We proposed ConKgPrompt for text classification as efficient in both few-shot and full-data scenarios. Our method can be dissected into the following processes: first, amalgamating the input text with the prompt template to create a new sequence; next, incorporating an external knowledge base to construct label- and sentence-related words, ultimately confirming the definitive verbalizer; and lastly, acquiring features from the supervised contrastive module by learning from the output of the PLMs. As demonstrated in the main results, it becomes apparent that our proposed model exhibits minimal variance when applied to datasets characterized by robust labeling quality. Conversely, datasets featuring limited data or intricate semantics showcase higher variance. This disparity underscores the susceptibility of ConKgPrompt to diverse dataset attributes, implying that there is indeed scope for further enhancement. Addressing this facet will remain an integral component of our future endeavors. In this vein, we are keen on capitalizing on the prowess of unsupervised learning to capture more universally applicable features.

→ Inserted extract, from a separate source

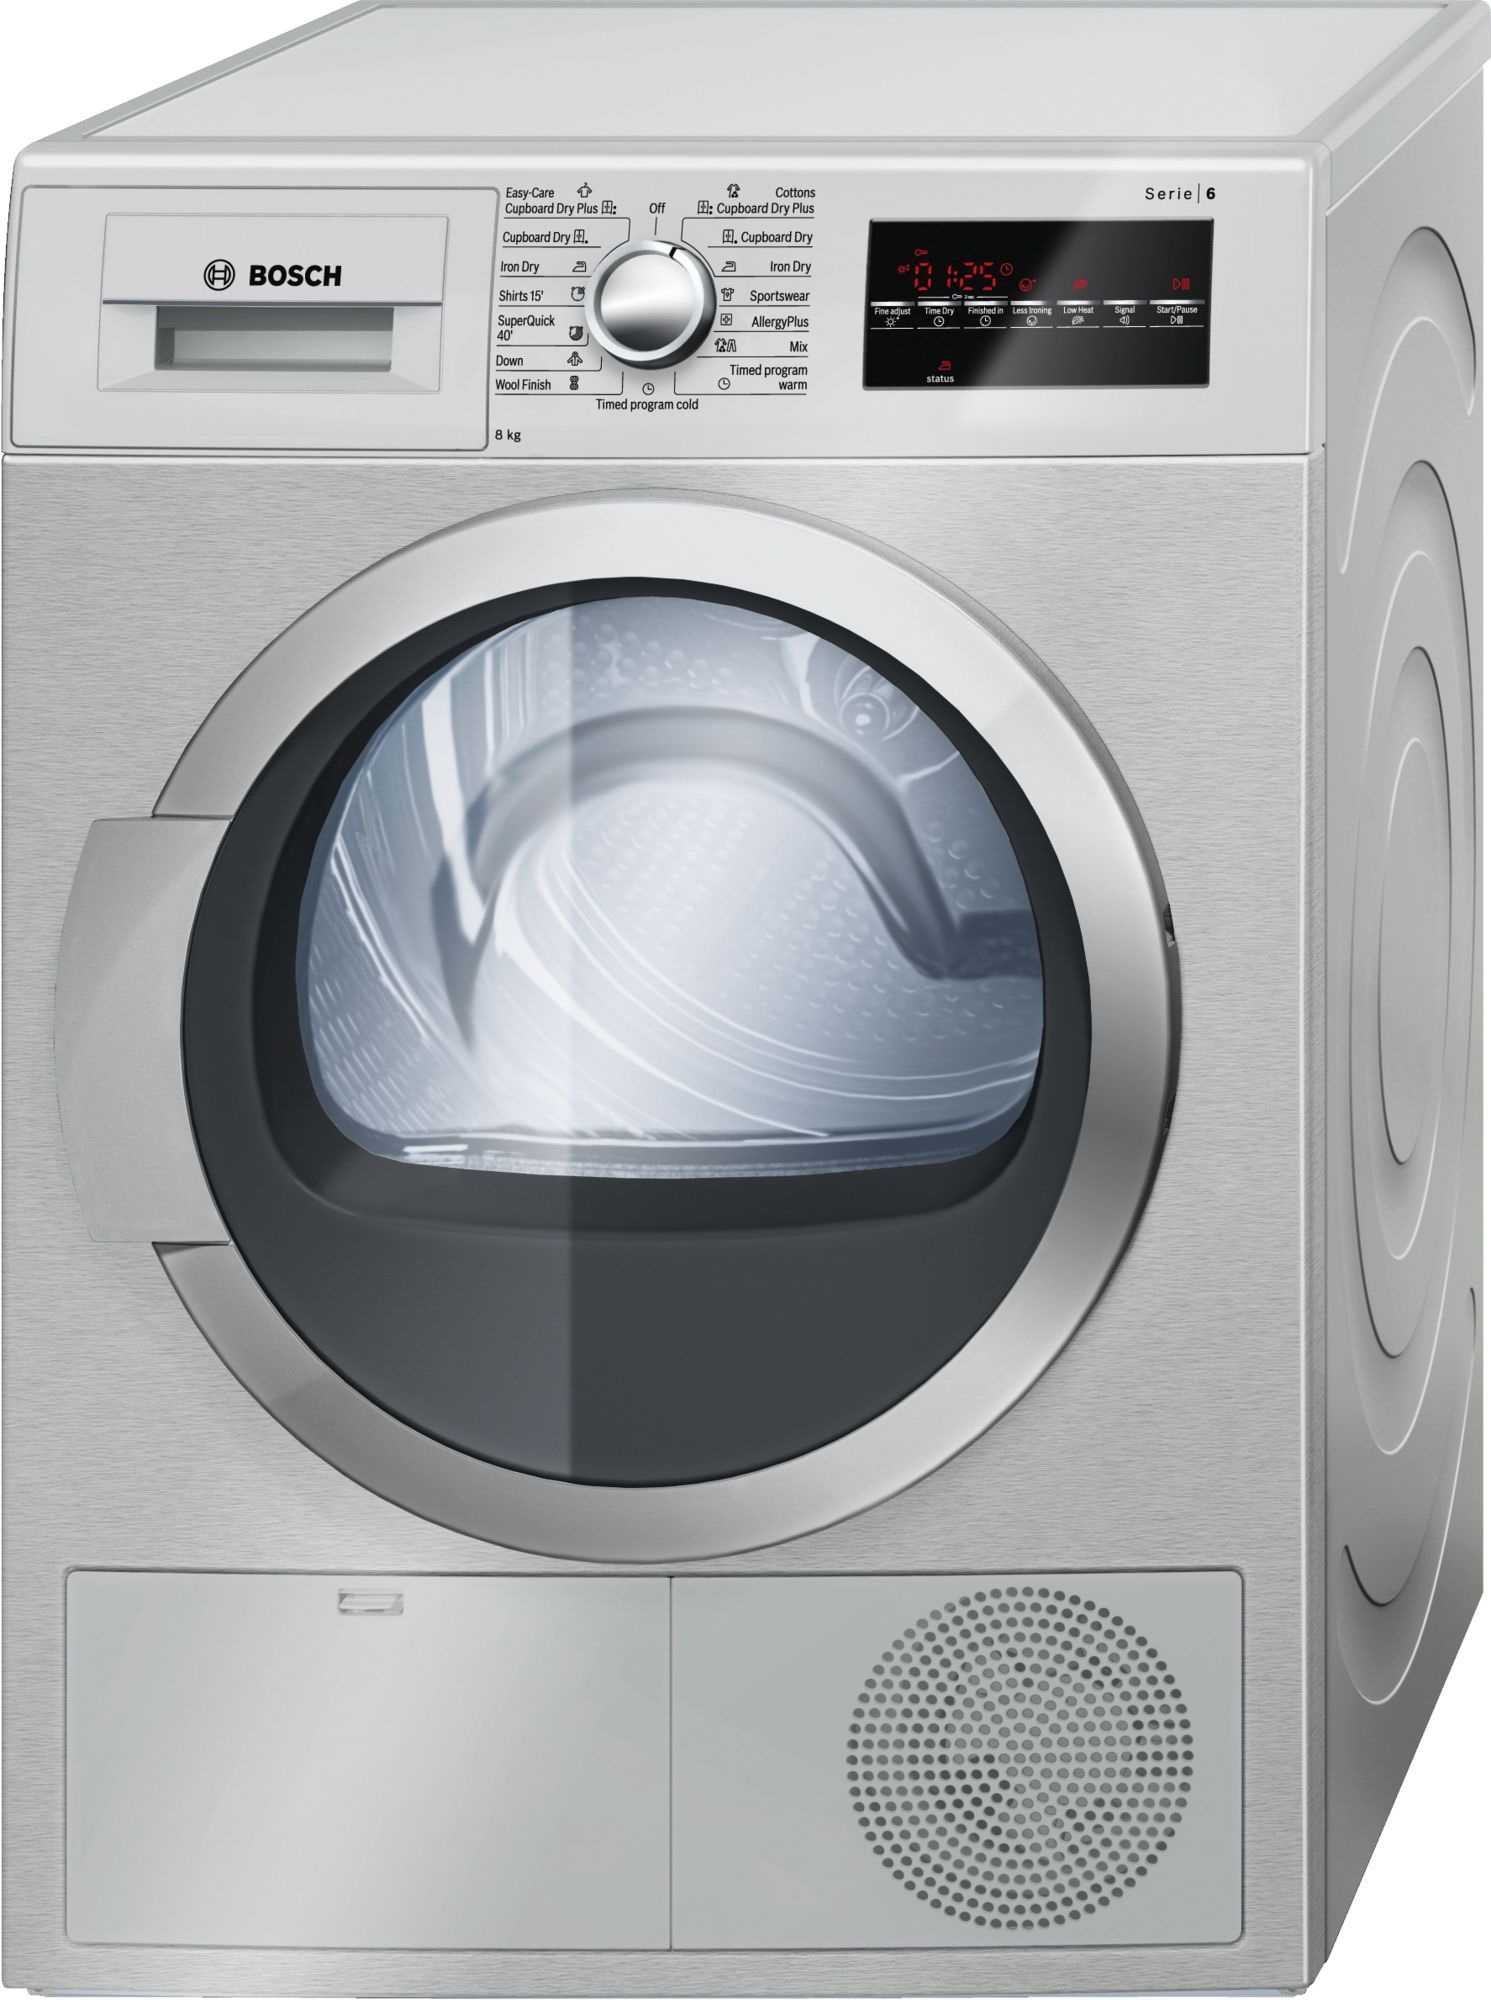 Габаритные размеры наиболее популярных моделей стиральных машинок бош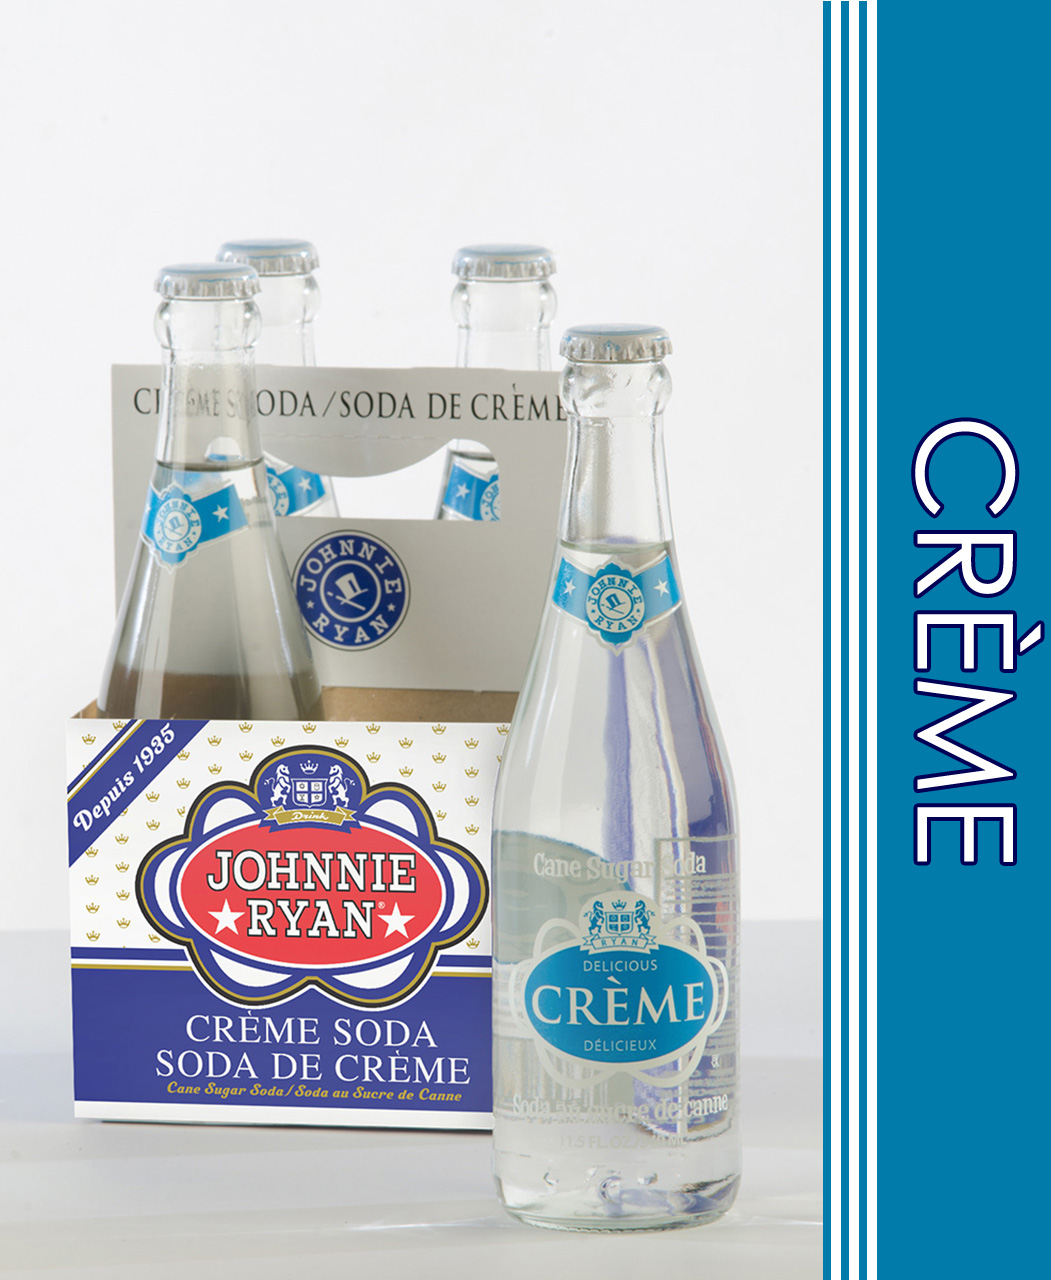 Creme Soda cane sugar soda from Johnnie Ryan beverages in Niagara Falls, NY.

By imbuing the training process with unsupervised objectives, we anticipate augmenting the model’s capacity to accommodate varied scenarios and contexts, thereby achieving a higher degree of generalization.

8. Conclusions

In this study, we proposed a contrastive sample method based on knowledge-guided prompt learning framework (ConKgPrompt) for text classification. ConKgPrompt utilizes external knowledge bases for multi-granularity construction of verbalizers and refines the verbalizer based on Word2vec and similarity. We employed ERNIE 3.0, which has rich prior knowledge, for feature extraction, and the training strategy utilizes supervised contrastive learning to exploit prior differences in samples to enhance sample representation. Experimental results and visual analyses indicate that the ConKgPrompt method achieves better classification performance than previous studies, particularly in the few-shot settings, and outperforms existing prompt-tuning methods, demonstrating the robustness and effectiveness of ConKgPrompt. Future work will focus on studying prompt continuous template generation strategies that can effectively express the grammatical relationships of text, and consider the use of unsupervised contrastive learning to enhance model representation

Author Contributions

Conceptualization, Q.W.; methodology, Q.W.; software, Q.W.; formal analysis, Q.W.; visualization, Q.W.; writing-original draft preparation, Q.W; writing-review and editing, C.Z.; resources, C.Z. and B.L.; funding acquisition, C.Z. and P.H. All authors have read and agreed to the published version of the manuscript.

Funding

This work is supported by the Key R & D projects in Hubei Province (No. 2021BAA188, 2021BAA184, 2022BAA044), the National Natural Science Foundation of China (No. 62102136), the Science and Technology Innovation Program of Hubei Province (No. 2020AEA008).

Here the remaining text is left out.